Totò Di Natale, il simbolo di un calcio che non c’è più, dal 2004 al 2015 ha fatto la storia dell’Udinese. Alla vigilia del 46esimo compleanno, a Tuttosport si è raccontato e ha raccontato il calcio secondo lui. Partendo proprio dalla sua scelta di Udine: «Sono sempre stato molto legato ai tifosi e alla città. A Udine si vive bene, lì sono cresciuto come uomo e come calciatore, ed è lì che ho costruito la mia famiglia. In quegli anni poi la squadra era molto forte, ogni stagione lottavamo per un posto in Europa. La famiglia Pozzo mi ha sempre trattato come un figlio. Quando ci fu la possibilità di andare alla Juve, la volontà mia e della società fu quella di continuare insieme. E così abbiamo fatto».

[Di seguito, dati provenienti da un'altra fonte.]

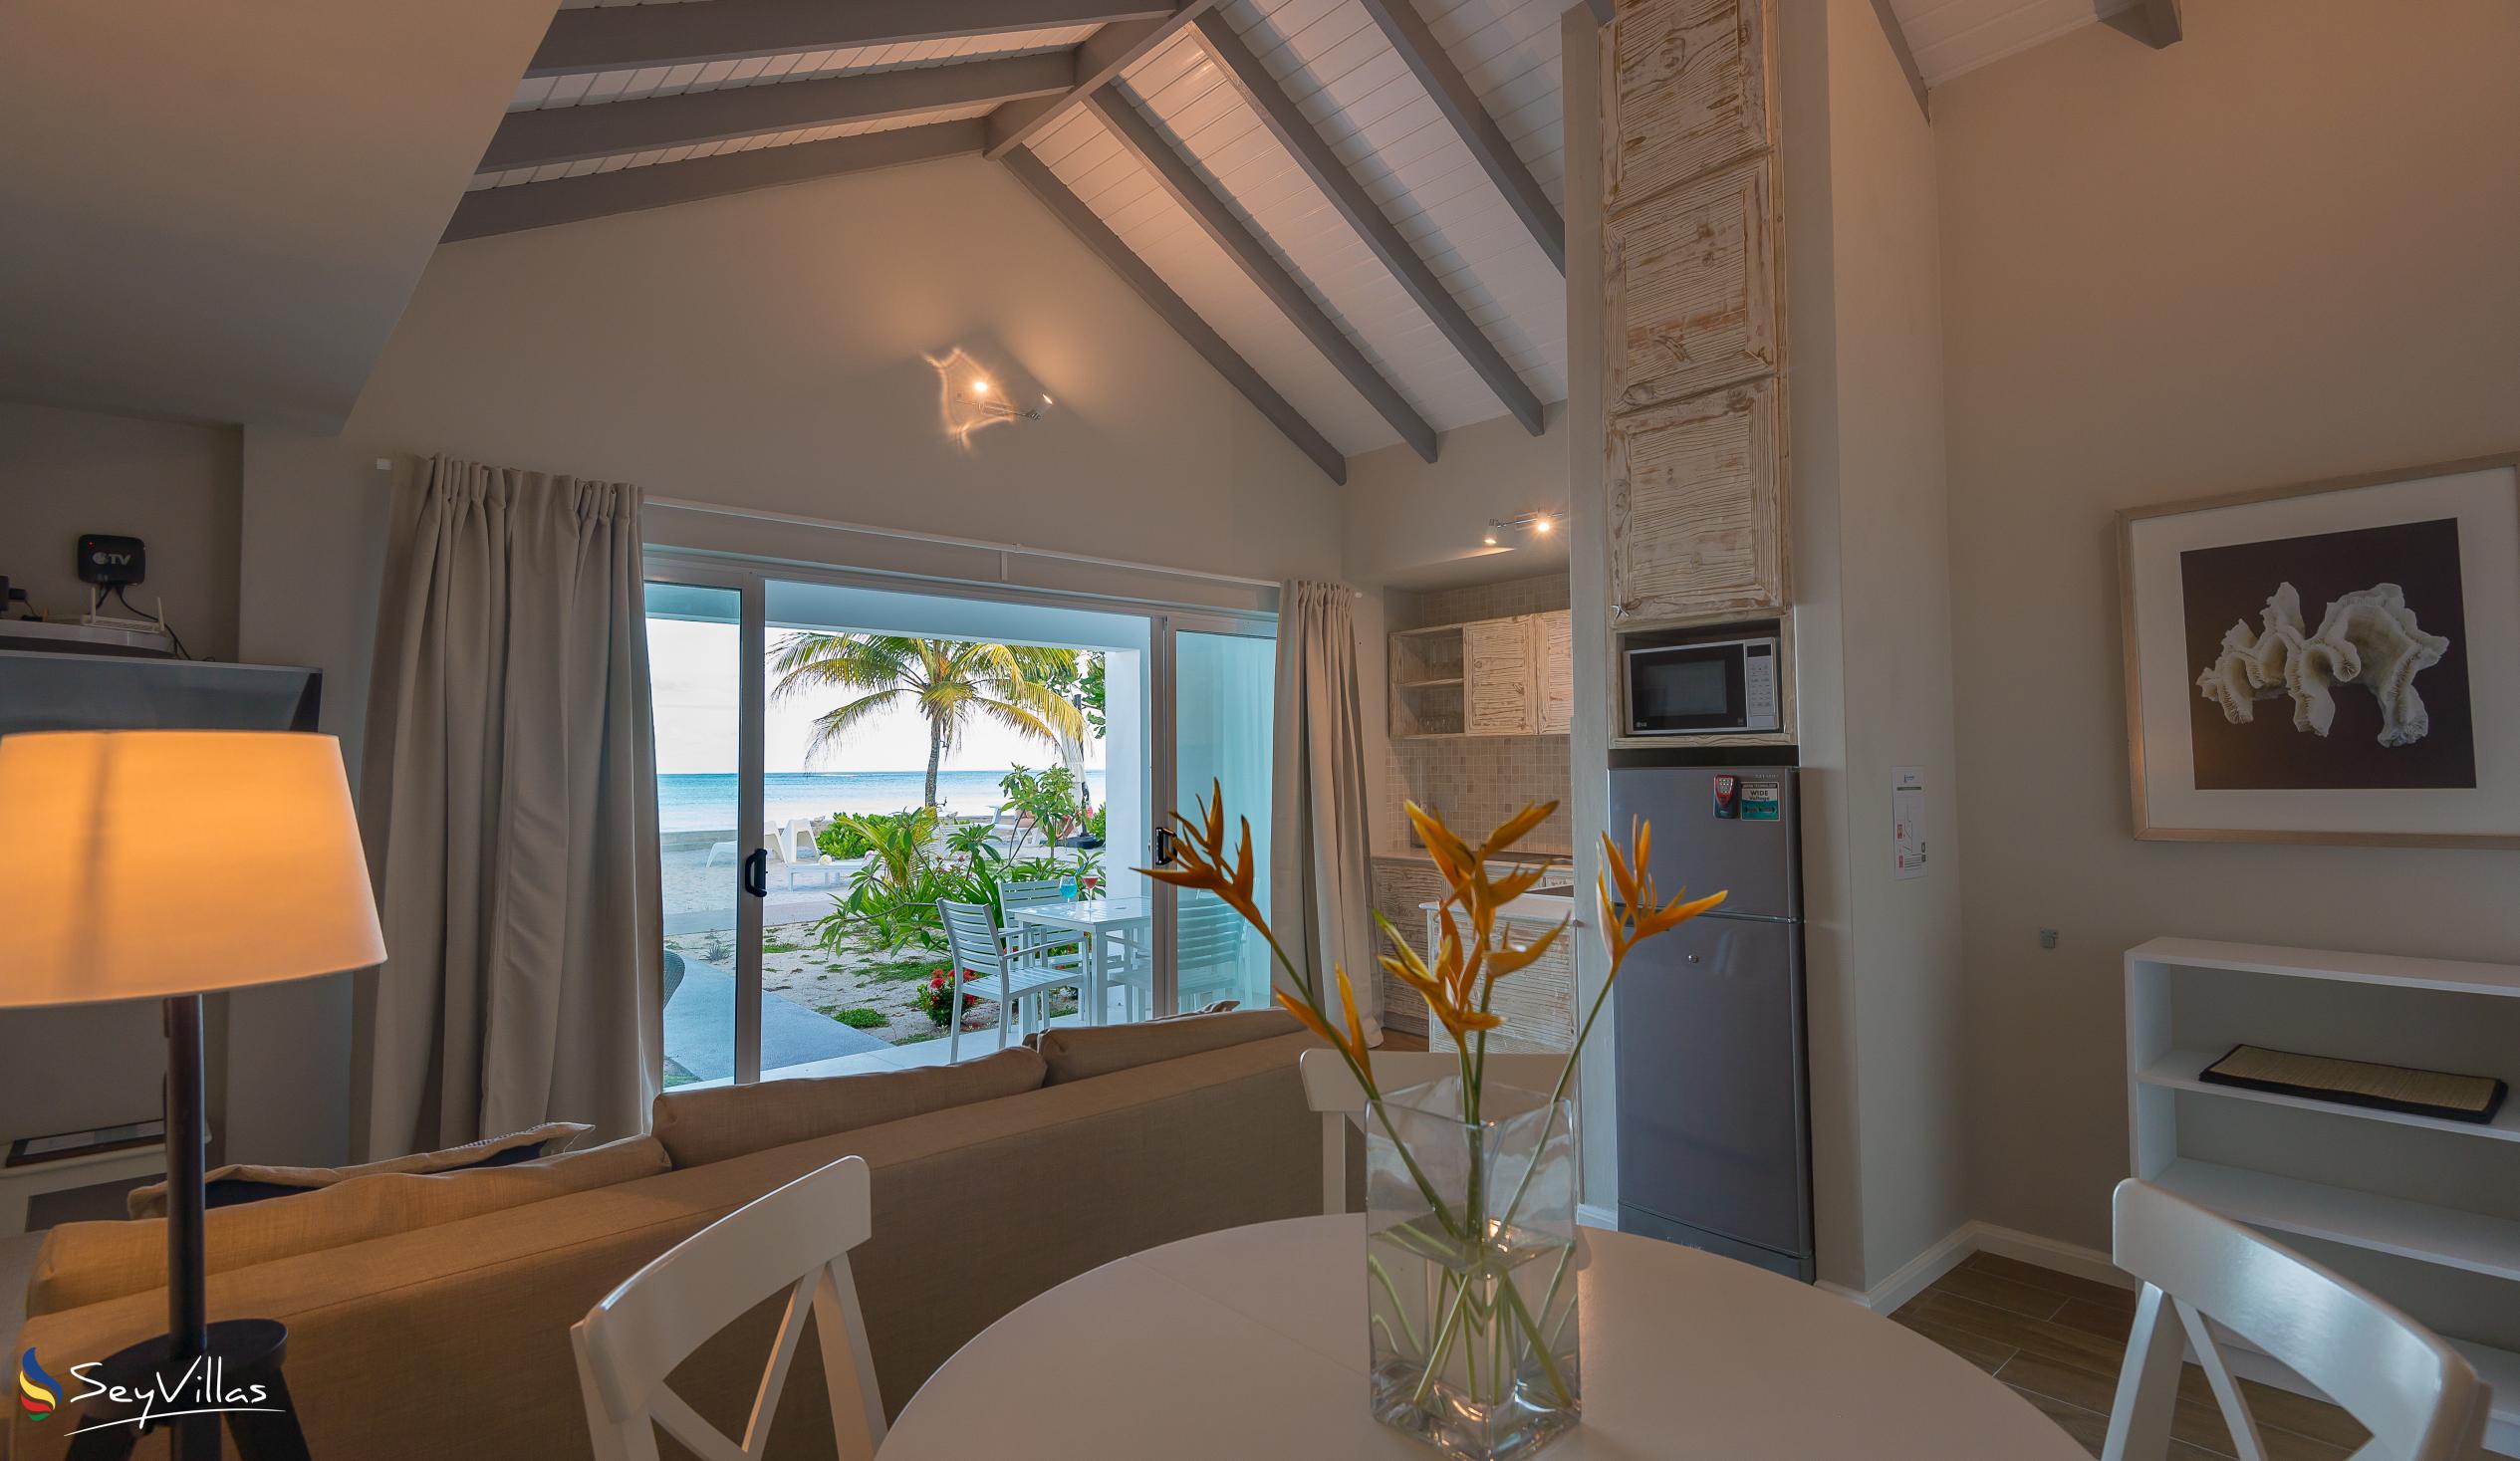 Foto 20: Le Nautique Luxury Beachfront Apartments - Beachfront-Appartement mit 2 Schlafzimmern - Mahé (Seychellen)

Scelta che rifarebbe, come quella di non giocare nella sua Napoli: «Giocare a Napoli non è facile, specie se sei napoletano: soffri di più quando le cose vanno male. È una maglia pesante da indossare per chi è nato e cresciuto lì. Ho preferito esserne tifoso, e lo sono tuttora».
Spalletti, il tecnico che lo ha voluto a Udine, e la Nazionale: «Sapevo che il mister avrebbe vinto il campionato. È un grande allenatore, ha occhi ovunque, sta 24 ore sul campo per curare ogni singolo particolare. Vederlo vincere a Napoli per me è stato speciale. Merito suo, dello staff e della società: tutti insieme hanno fatto un lavoro eccezionale».
Il suo futuro è delineato: «Vorrei continuare a lavorare come dirigente. Ho provato a fare l’allenatore ma ho capito che non faceva per me. Troppi pensieri, non riuscivo a godermi la famiglia, e così ho fatto un passo indietro. Al Donatello mi trovo benissimo, spero che negli anni continueremo a scovare talenti che possano fare la differenza in Serie A».